Webb v. State

50 So. 356, 162 Ala. 58, 1909 Ala. LEXIS 410
CourtSupreme Court of Alabama
DecidedJune 30, 1909
StatusPublished
Cited by3 cases

This text of 50 So. 356 (Webb v. State) is published on Counsel Stack Legal Research, covering Supreme Court of Alabama primary law. Counsel Stack provides free access to over 12 million legal documents including statutes, case law, regulations, and constitutions.

Bluebook
Webb v. State, 50 So. 356, 162 Ala. 58, 1909 Ala. LEXIS 410 (Ala. 1909).

Opinion

DENSON, J.

There are two counts in the indictment. The first, in the usual form, is for selling spirituous, vinous, or malt liquors without a license and contrary to law; while the second is for selling or giving away such liquors in violation of a local prohibition law. The indictment was filed on the 4th day of May, 1907. At the request of the defendant the court gave in his favor the general affirmative charge as to the second count, but refused a similar charge as to the first count.

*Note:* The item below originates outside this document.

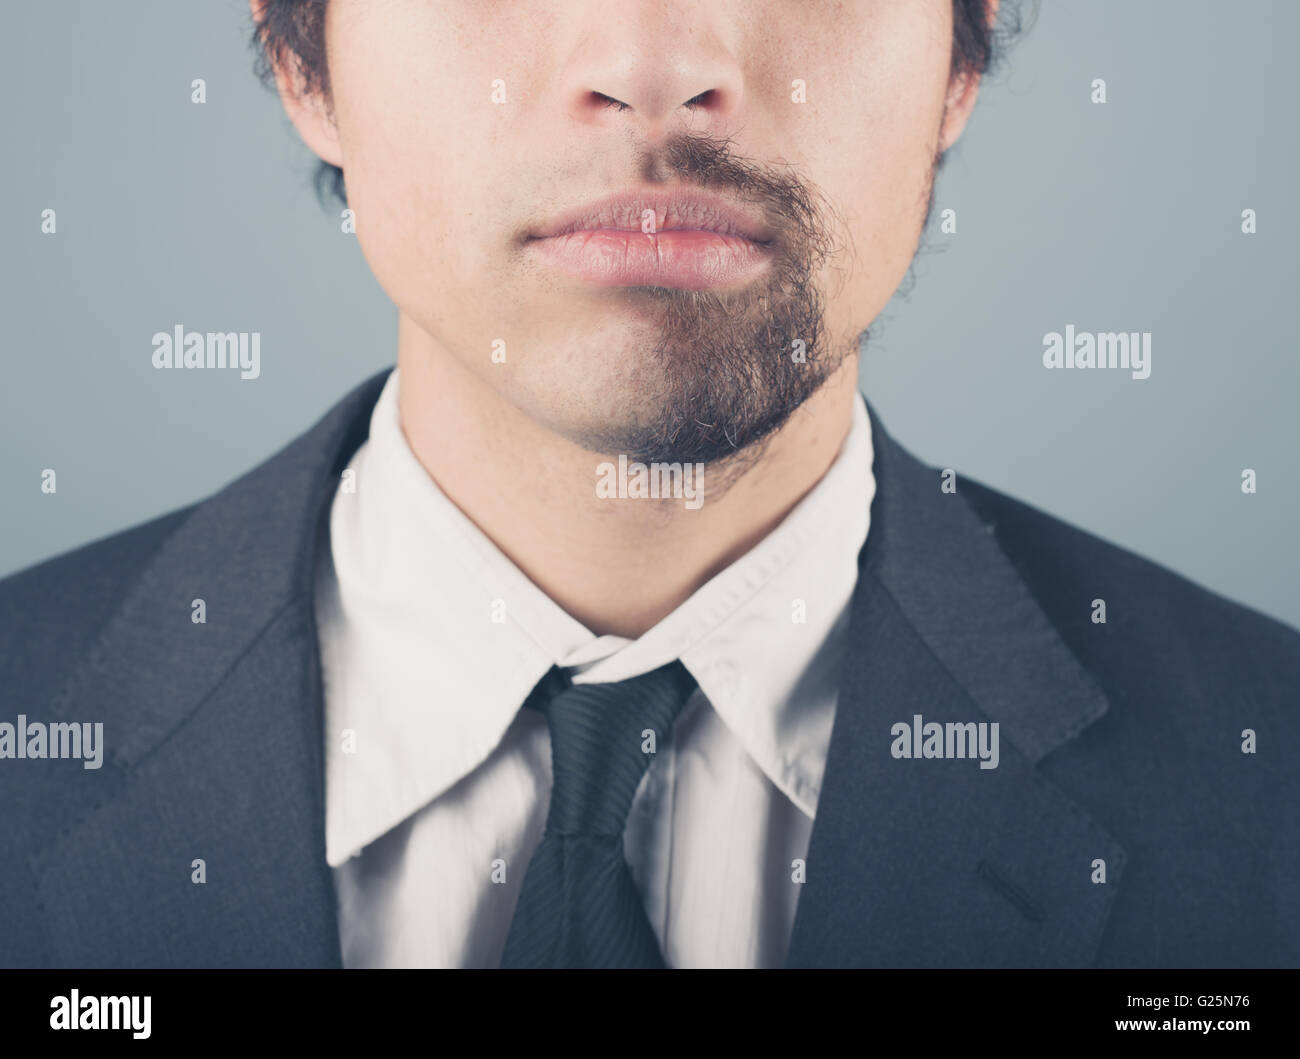 A young businessman with a half shaved beard Stock Photo

Upon the evidence disclosed by the record the court might properly have refused both of the charges; but because it gave one of them affords no valid reason for the argument that it committed error in refusing the other. Nor does the fact that the jury returned a verdict [60]*60of not guilty as to the second count and guilty upon the first furnish any ground for predicating error of the court’s ruling refusing the affirmative charge requested by the defendant as to the first count.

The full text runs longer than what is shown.